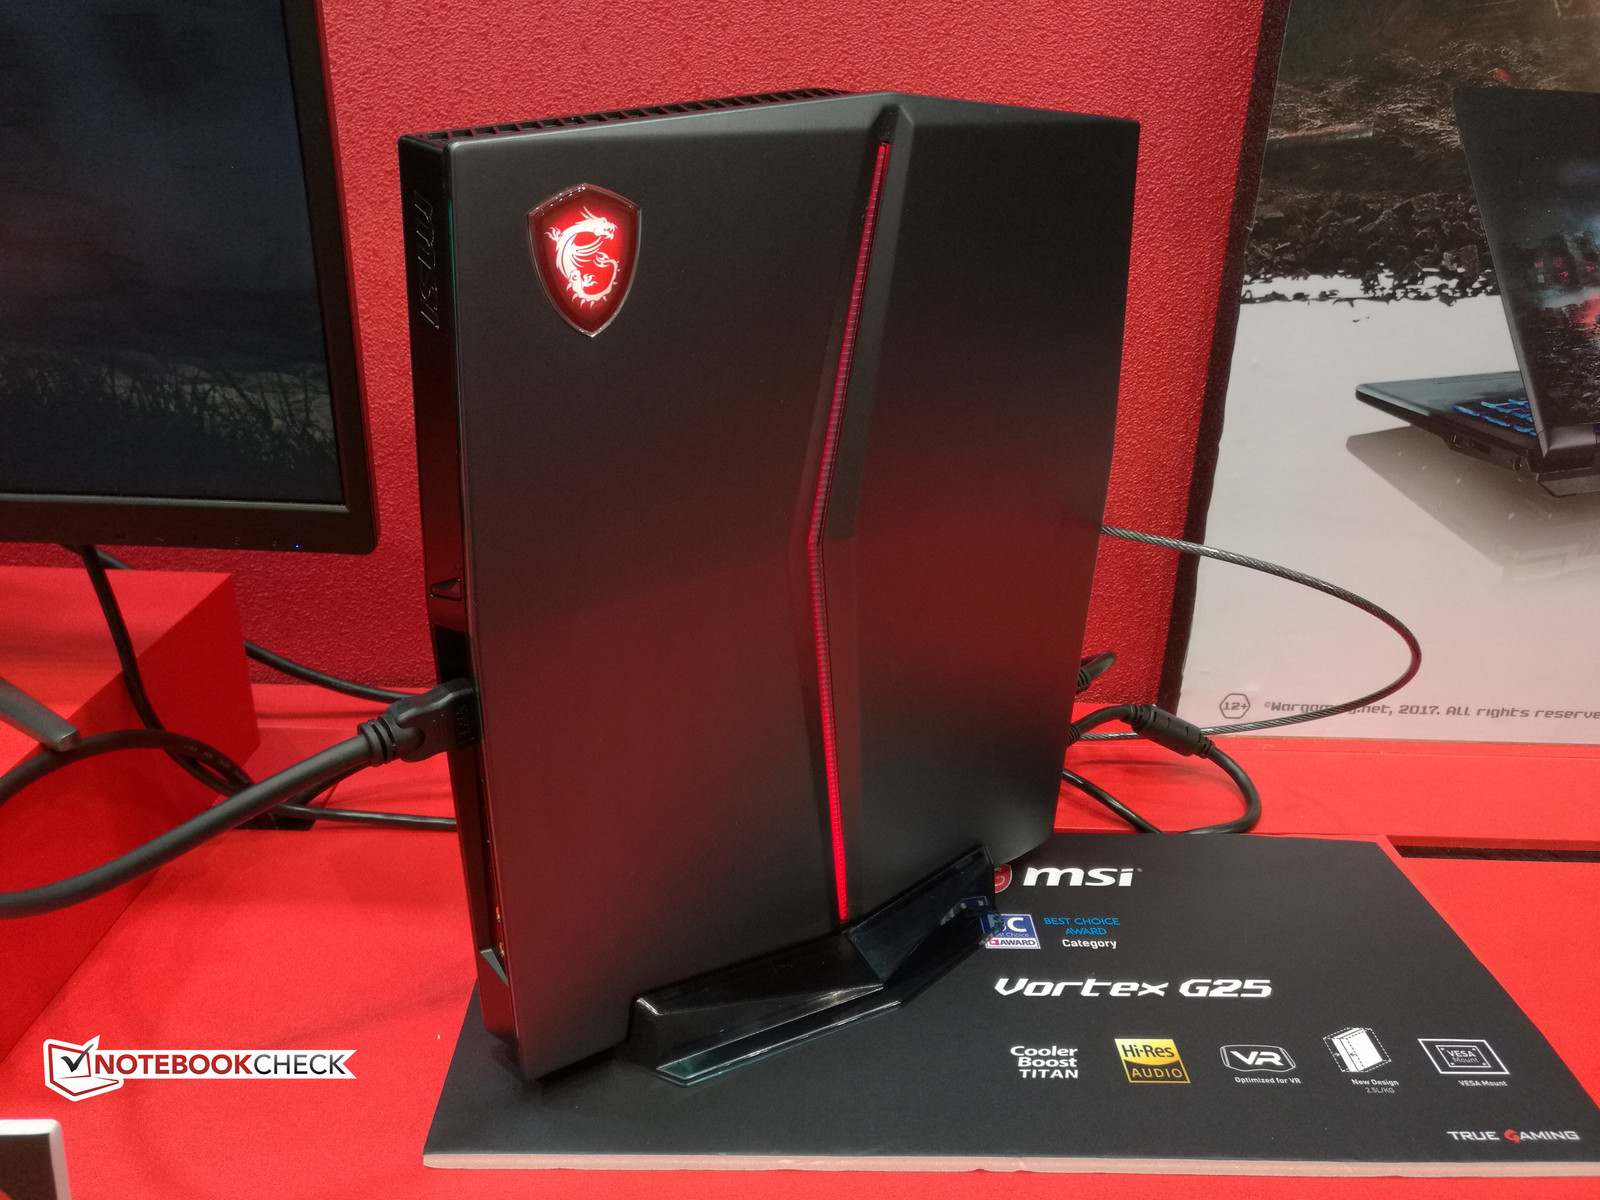 MSI Vortex G25 will be one of the first mini PCs to ship with
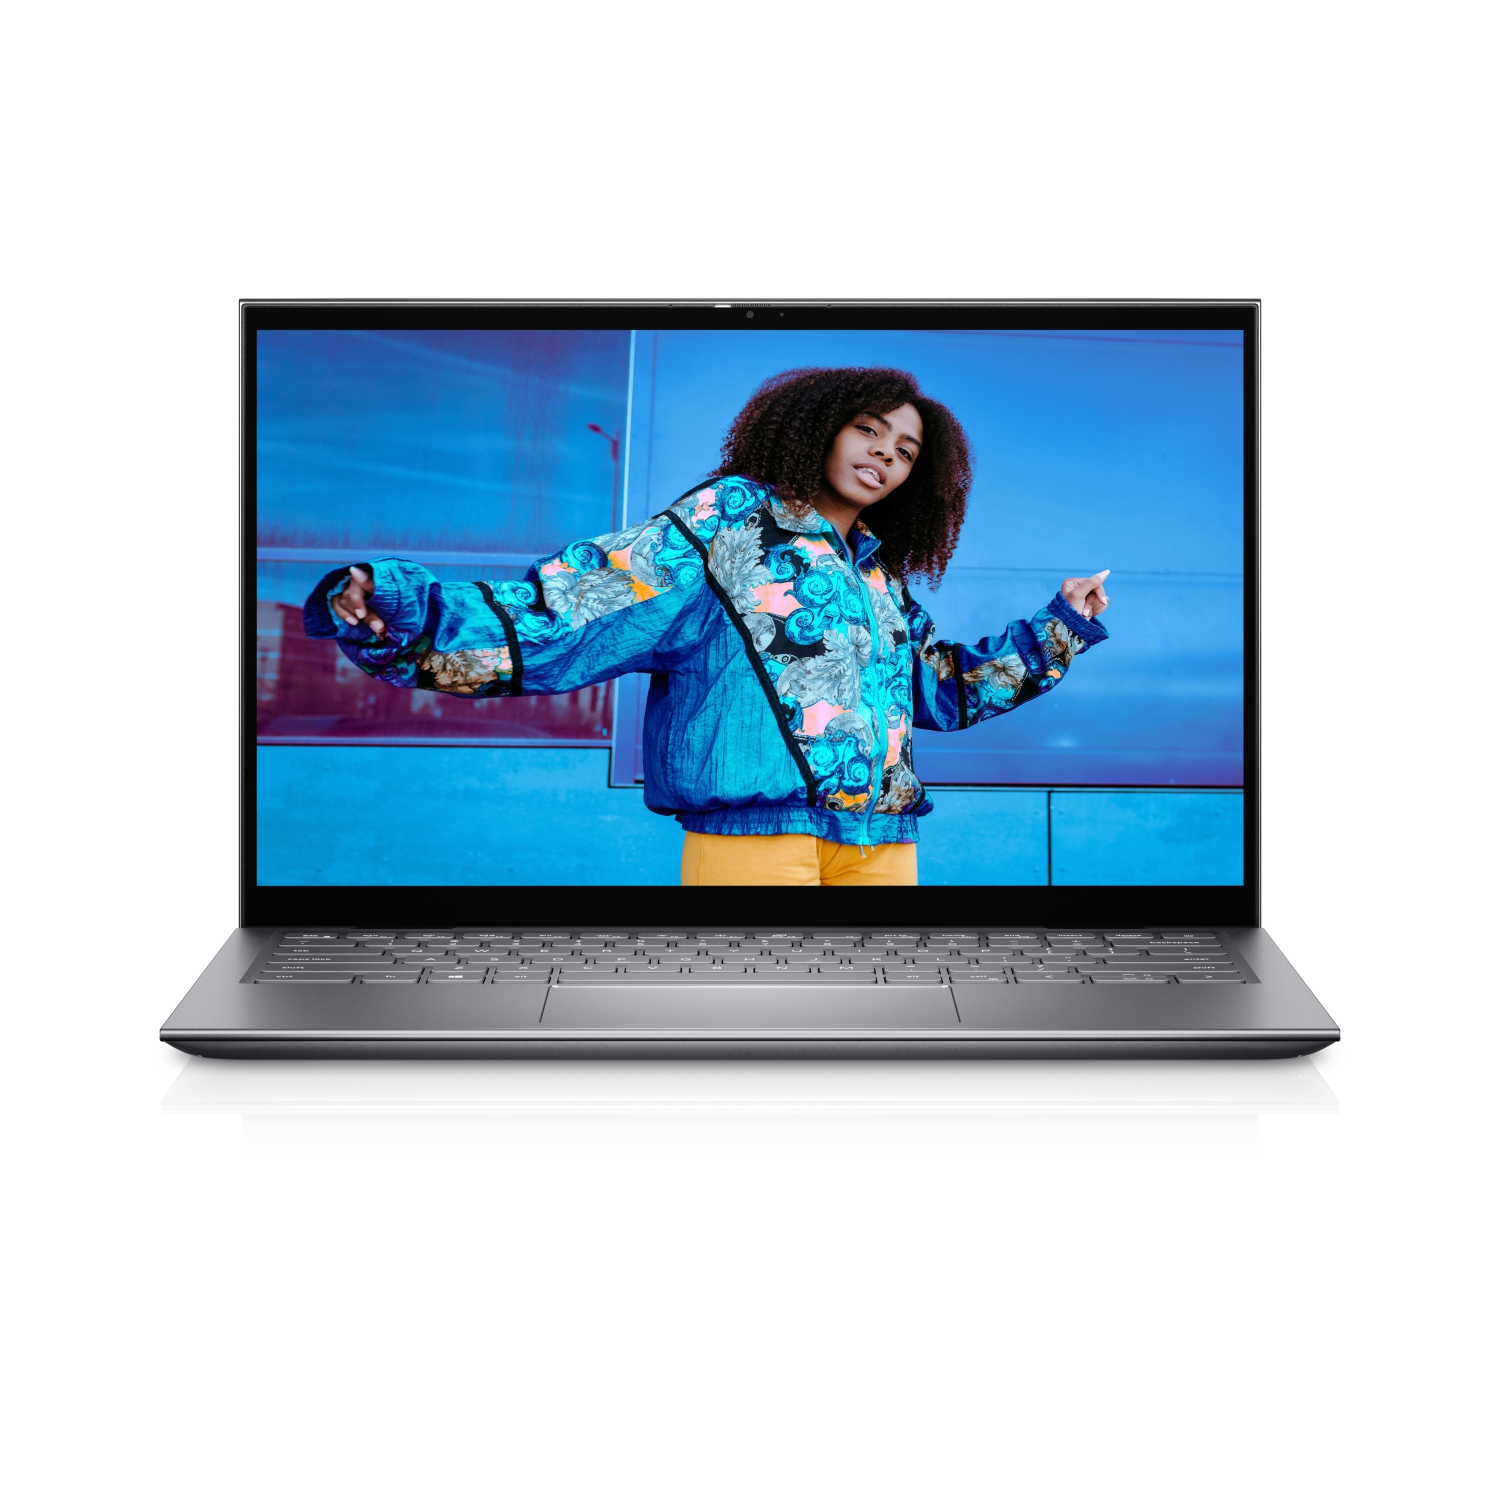 Refurbished (Excellent) – Dell Inspiron 5410 2-in-1 (2021) | 14" FHD Touch | Core i7 - 256GB SSD - 12GB RAM | 4 Cores @ 4.7 GHz - 11th Gen CPU
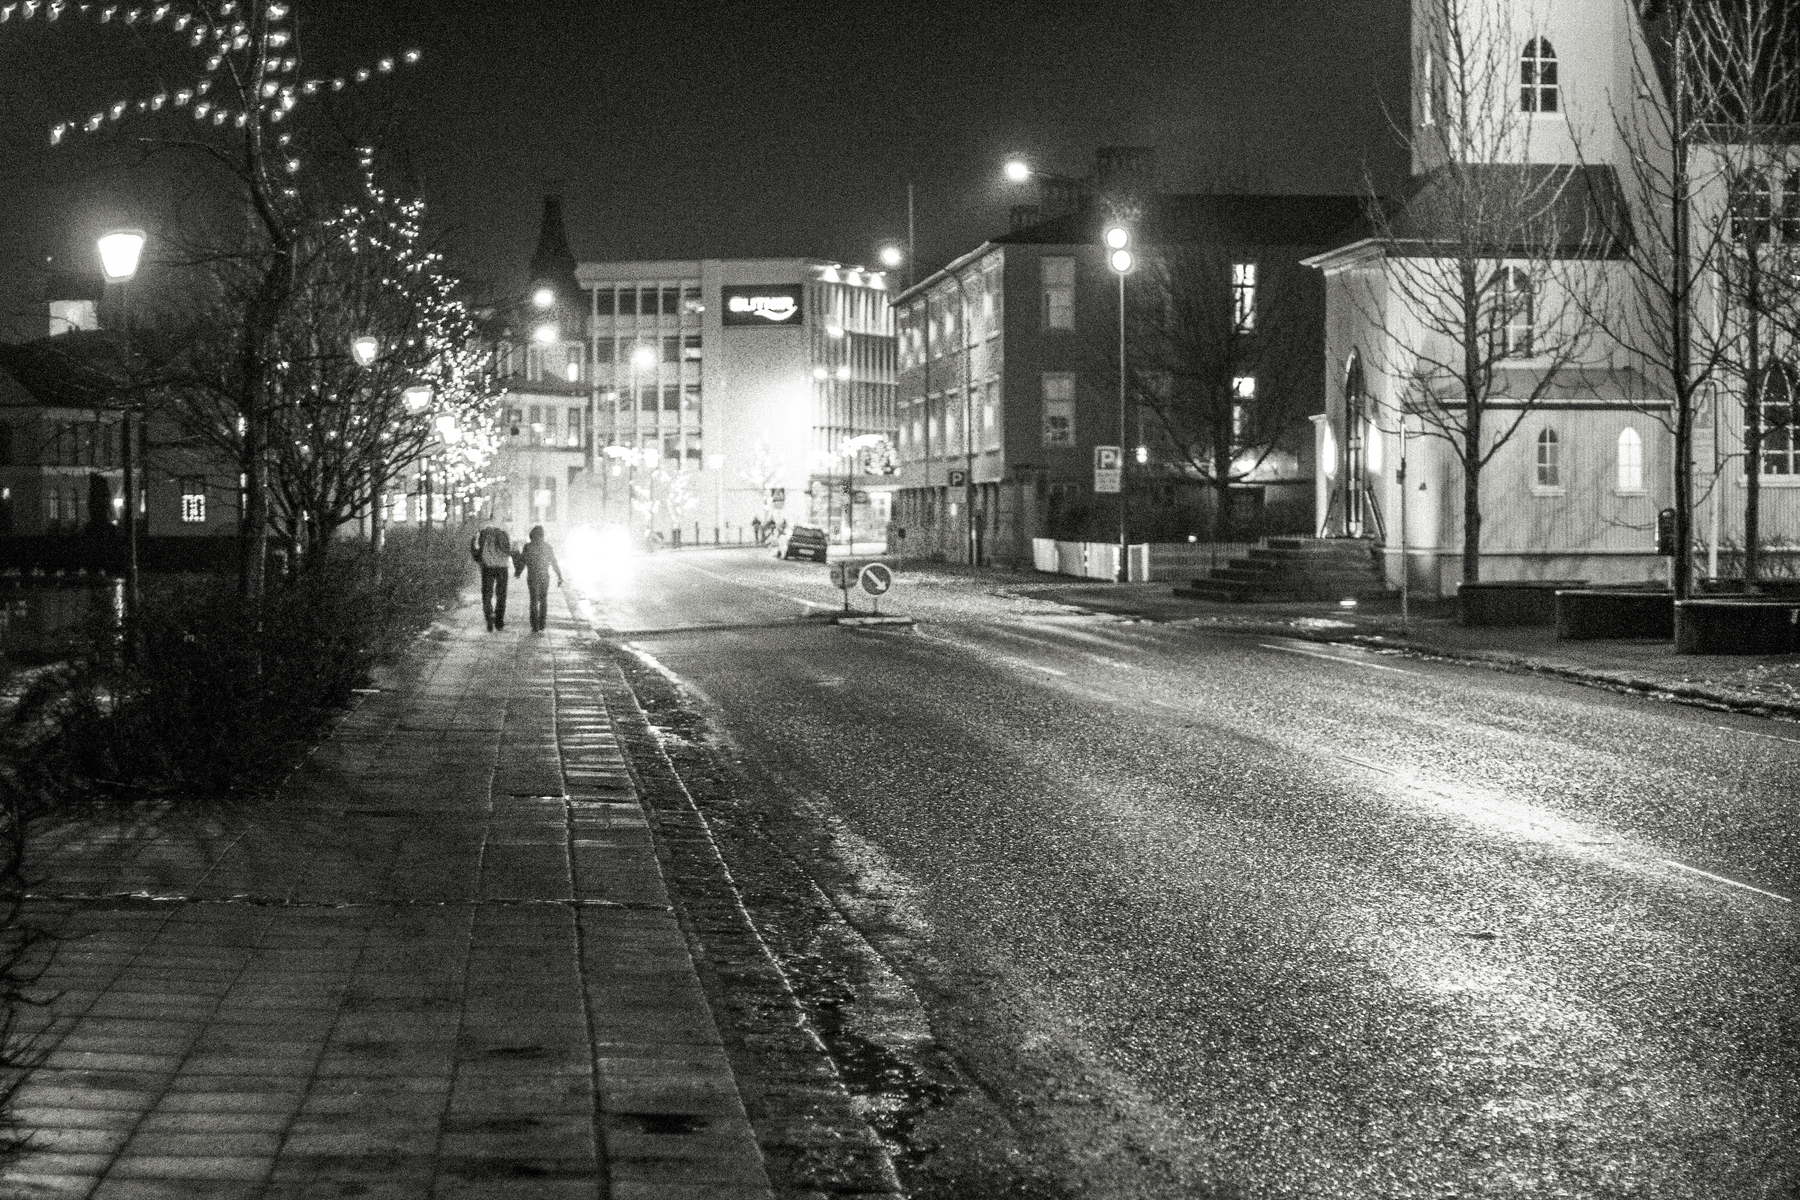 A couple walks along the pond in Reykjavík city centre. On their way home after a New Year’s Eve party. Or on their way to a late party.

Work instructions
Please, leaving out all pictures, transcribe exactly the lines above from the one containing "Refurbished (Excellent) –" through the final line, both included.

Response
 Refurbished (Excellent) – Dell Inspiron 5410 2-in-1 (2021) | 14" FHD Touch | Core i7 - 256GB SSD - 12GB RAM | 4 Cores @ 4.7 GHz - 11th Gen CPU
 A couple walks along the pond in Reykjavík city centre. On their way home after a New Year’s Eve party. Or on their way to a late party.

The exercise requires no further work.